I do not have gloves, a proper winter coat, or boots. My feet are cold and wet inside the thin socks around my ankles, my shoes absorbing water.
I slosh around the wooden porch as it is freezing, wet snow on fallen leaves.
I do not have a shovel to clear it.
The foldable chairs outside are heavy with wet.
I do not have an ice scraper so I wrap a plastic bag around my hand to wipe the side mirrors and windows of the car. Snow still gets in through a hole and I do not notice until my pink wet fingers are in pain when I go to grab the steering wheel.
I am told by several people up here that they do not want me to leave, "selfishly."
They write checks for me which I take on my exit.
I am told by several people back there that they are glad I am returning, "selfishly."
They squeeze into my calendar and I leave them there.
I wonder what I am doing for myself now, in the limbo between purpose and proposal but still in purgatory.
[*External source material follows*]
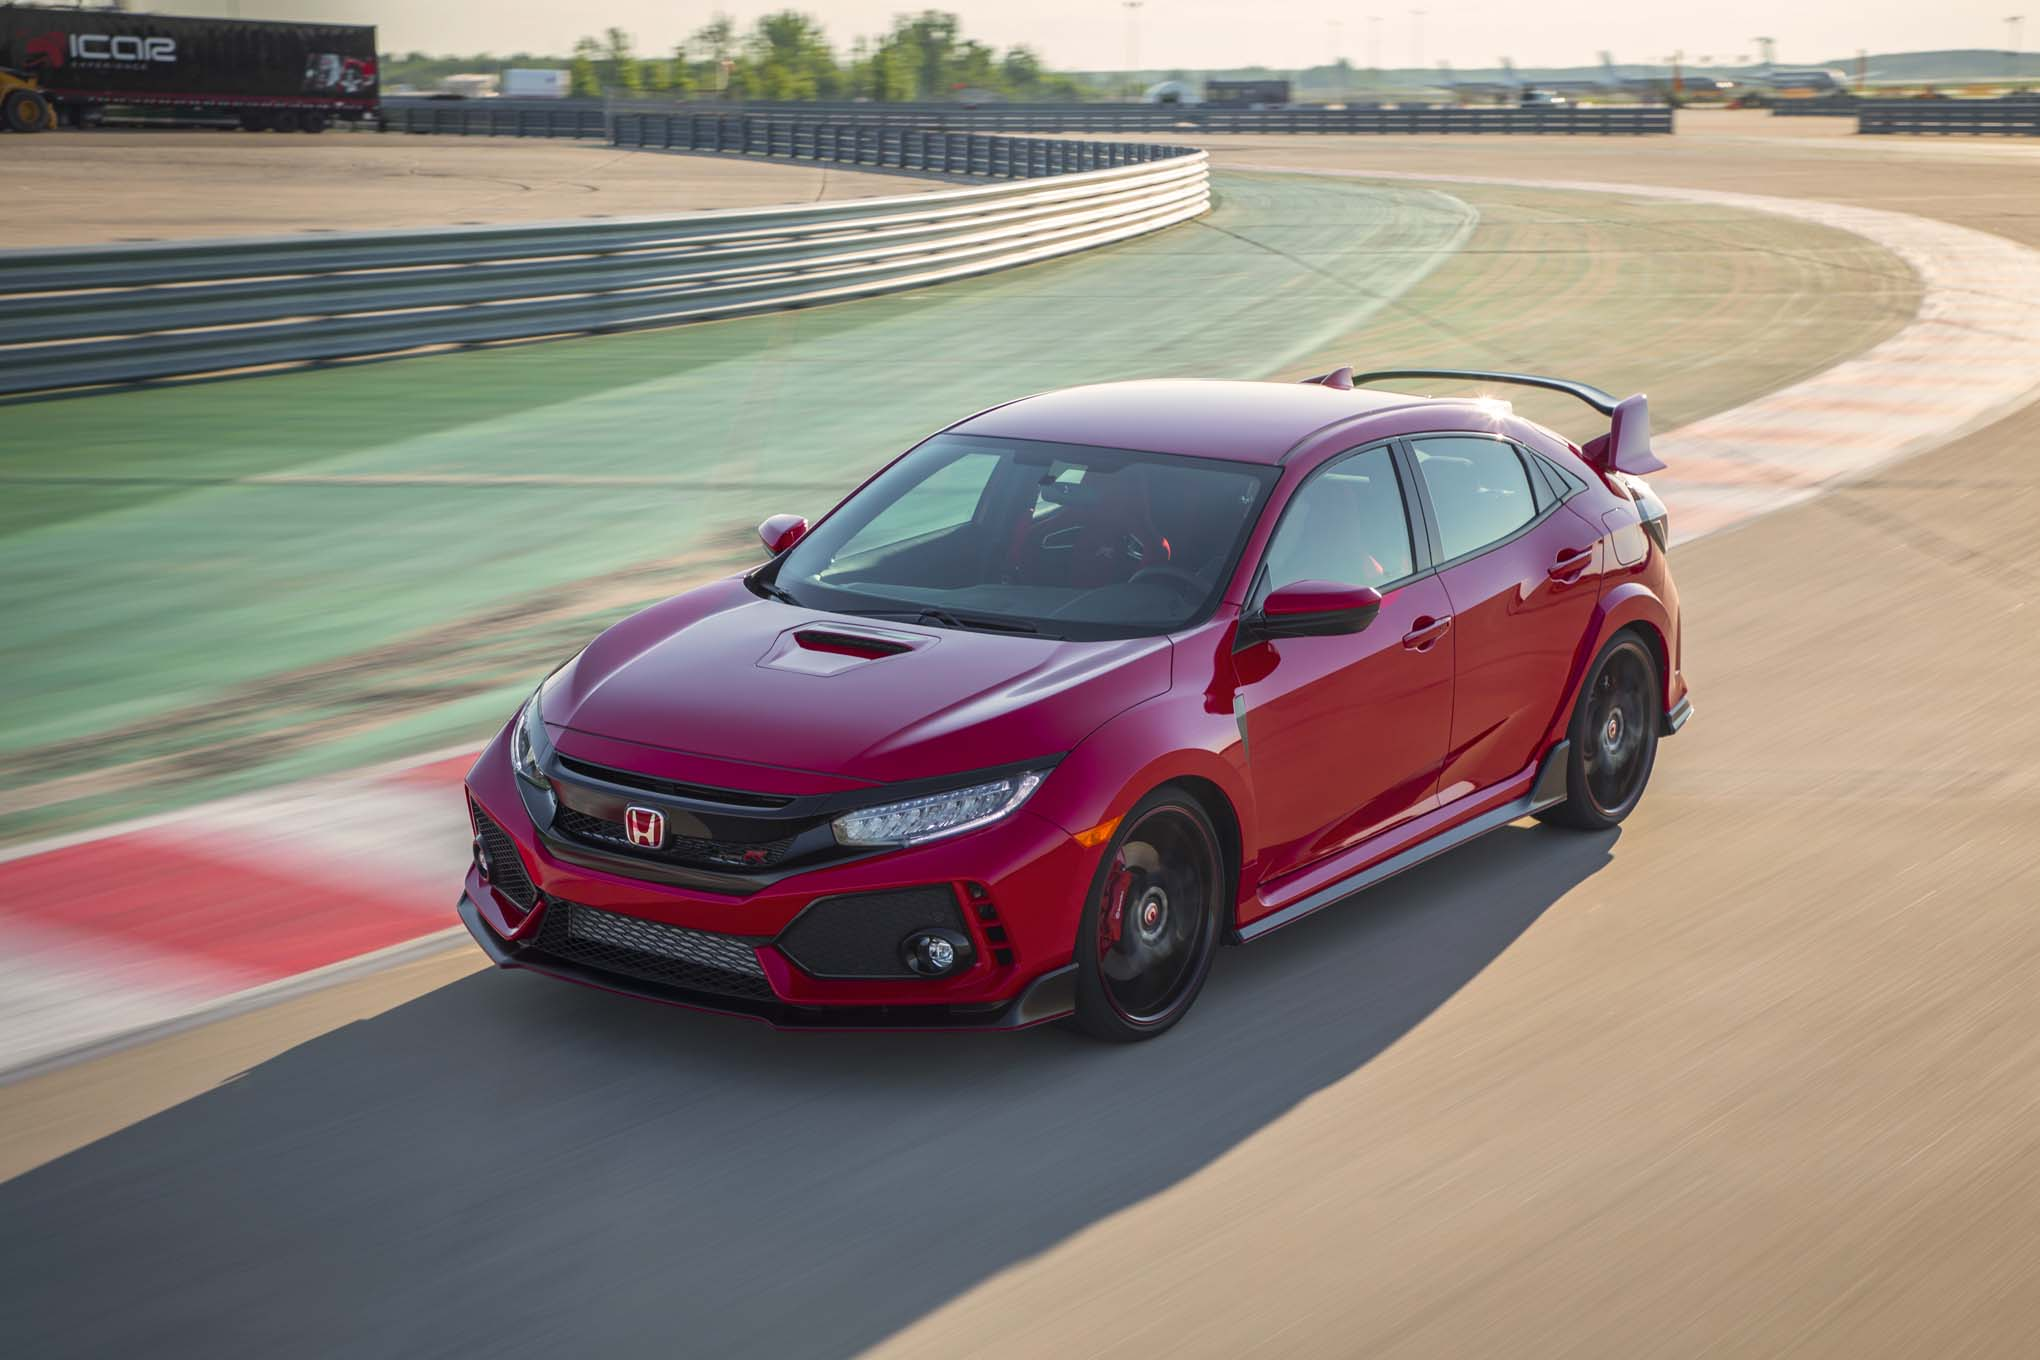 2017 Honda Civic Type R Front Three Quarter In Motion 12 1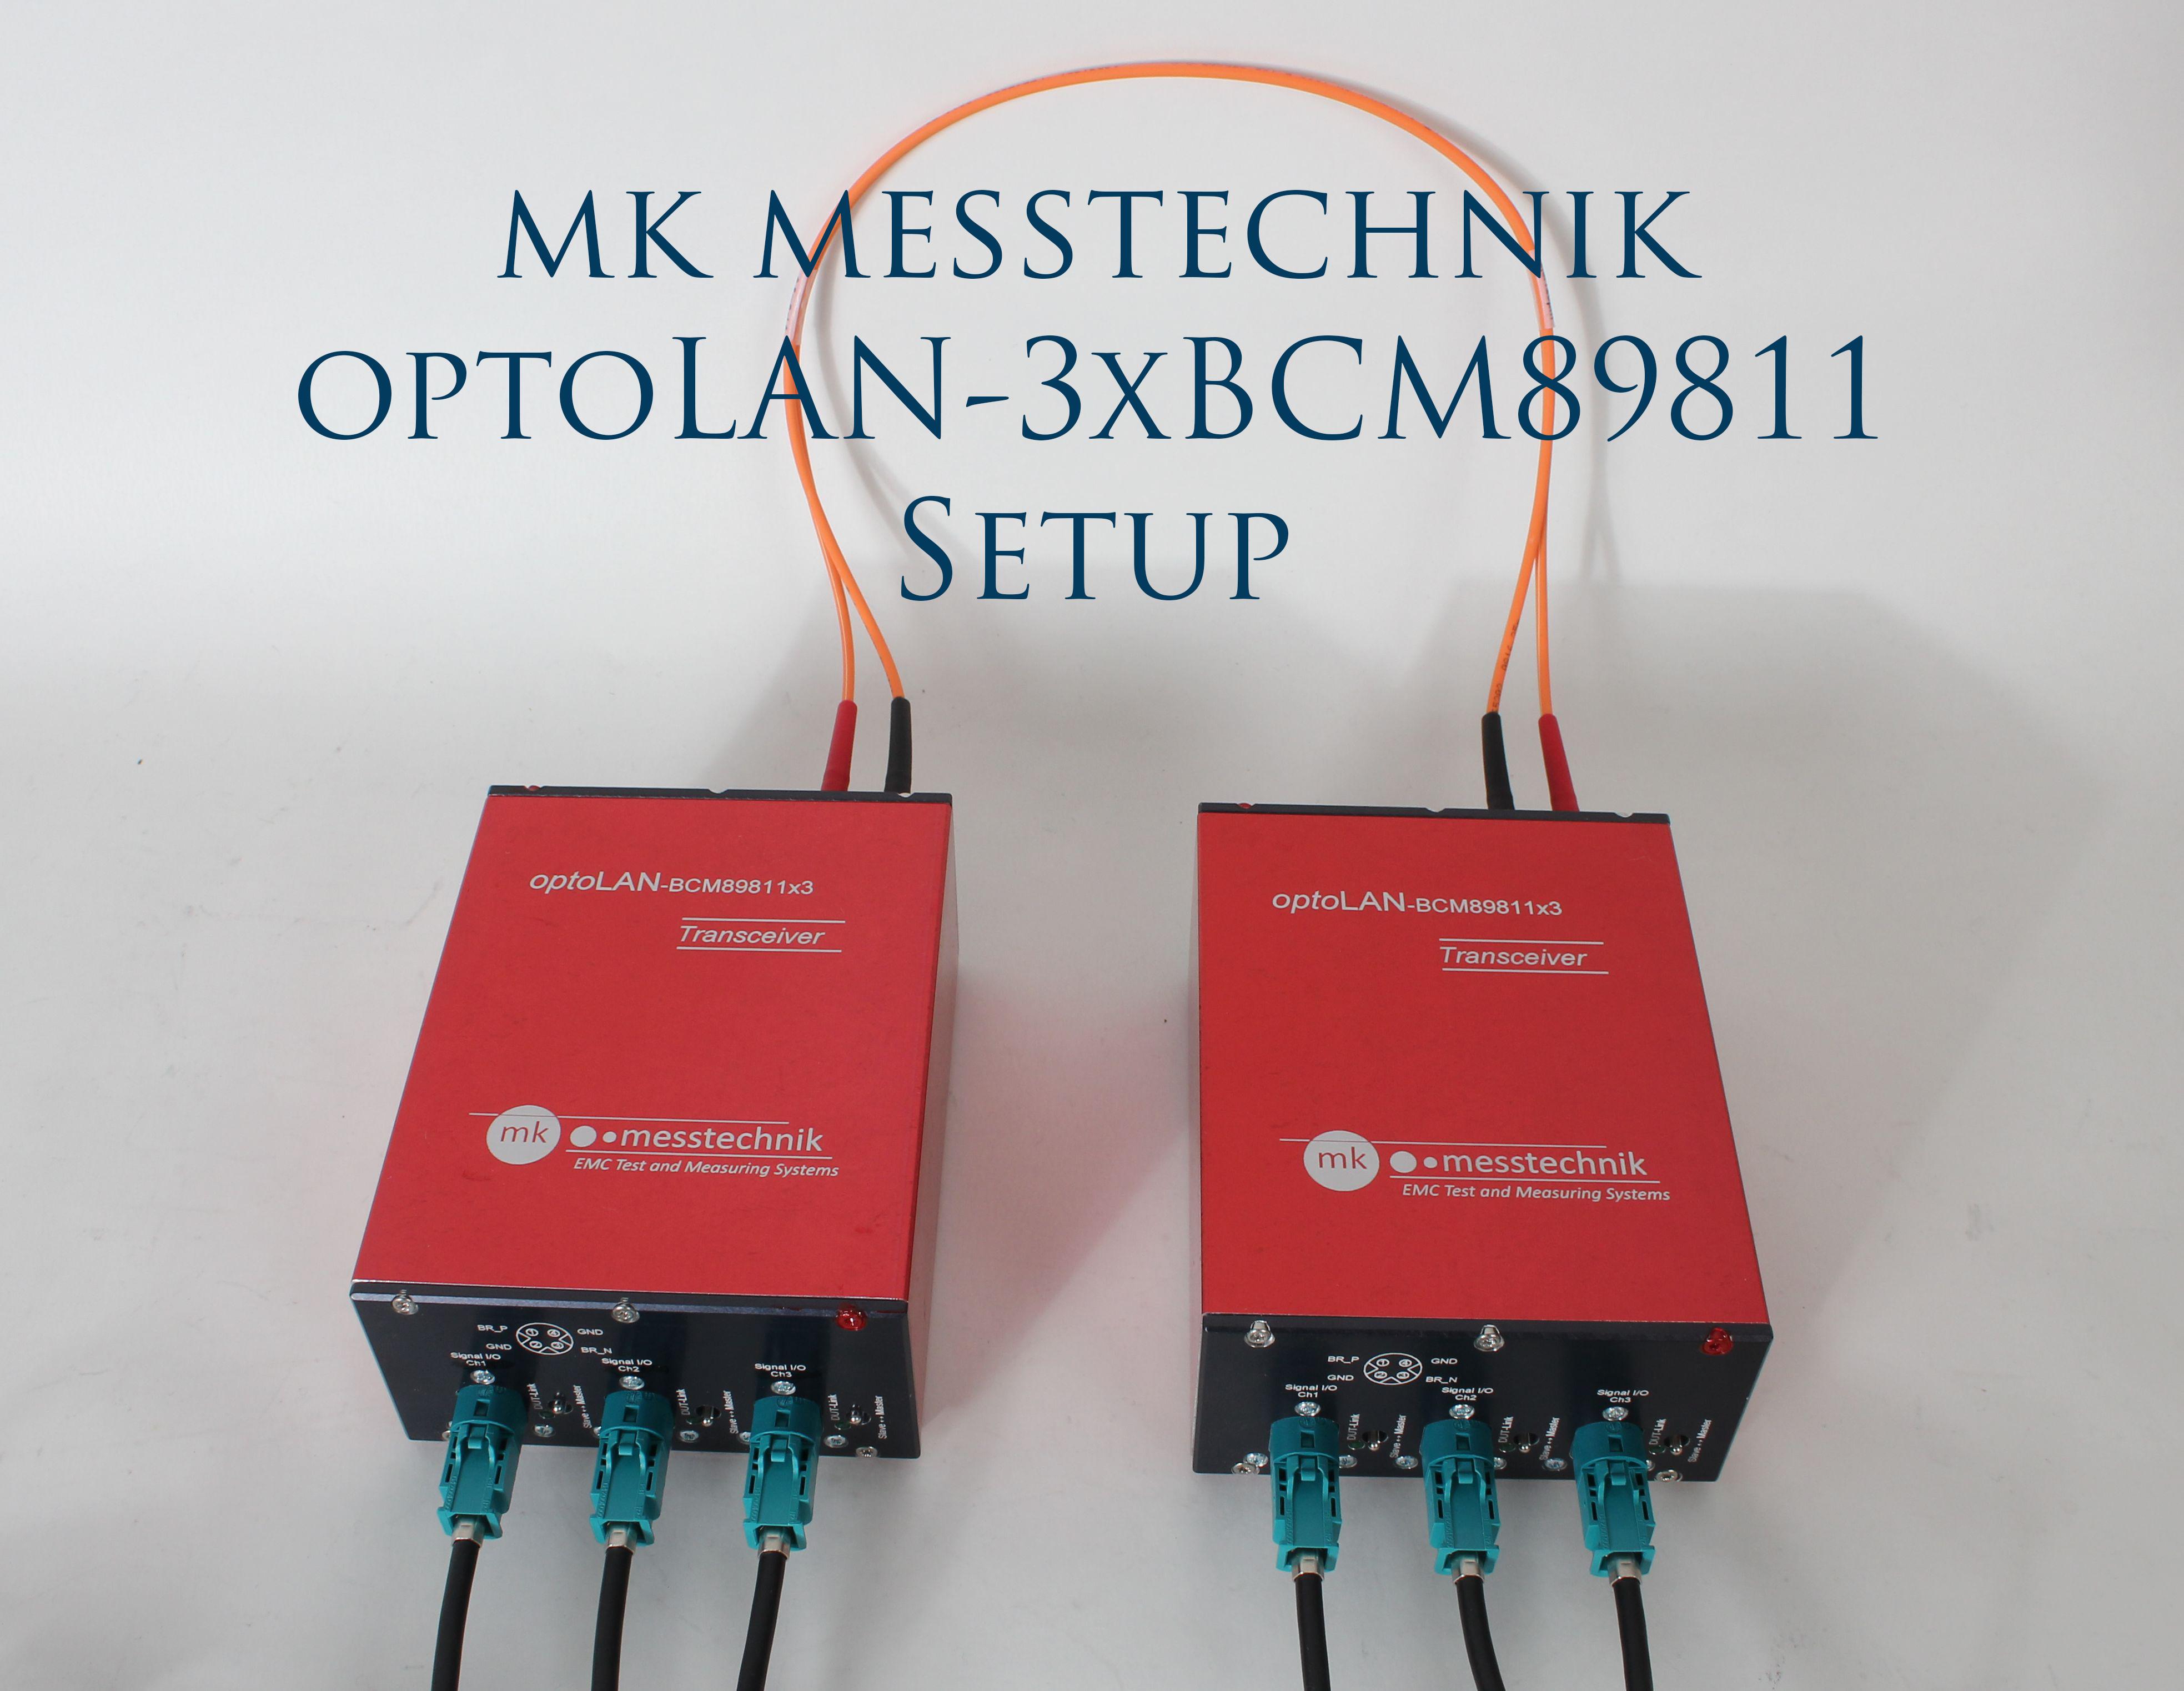 mk messtechnik Automotive Products

I had thought it was so clear, the selfishness of acting myself. Now I am not so sure who I am acting as, for whom I am acting.
What is my stereotypical appearance in the present and how does it differ from being monotypical?
I want to have my money and I want to see my friends.
I want to have my house and leave it too.
I want my memory.
I say out loud that there is no image I would want to use as my icon, my default to be remembered. There is not yet a standard image of me.
Is my appearance at the present always in the present tense?
If I am in disagreement with how I appear now does it still have to be in the present perfect?
How do I buy myself better? How do I purchase progressive?
"I'm imagining a black turtleneck," I am told today.
We stare at each other.
This is how I have seen progress. Someone else sees it too.
"That is exactly what I had pictured," I respond. "But first I need to cut my hair again."
I think of how I had been told, at the New York Film Festival, that I had gone "from black and white to living color."
I choose to go back to black and white now, for the sake of permanence.
To remove Time from the equation leaves you with Speed and Distance unable to reach each other through a solution, at least in physics.
What is my trope?
We look at photos of "mary gaitskill" and "mary gaitskill" "young" and "mary gaitskill" "two girls" and wedding photographers in New York. I dissect the photographers' portfolios and say one makes me feel objectified, one makes me feel commodified, one makes me feel like an Internet meme. If I were buying.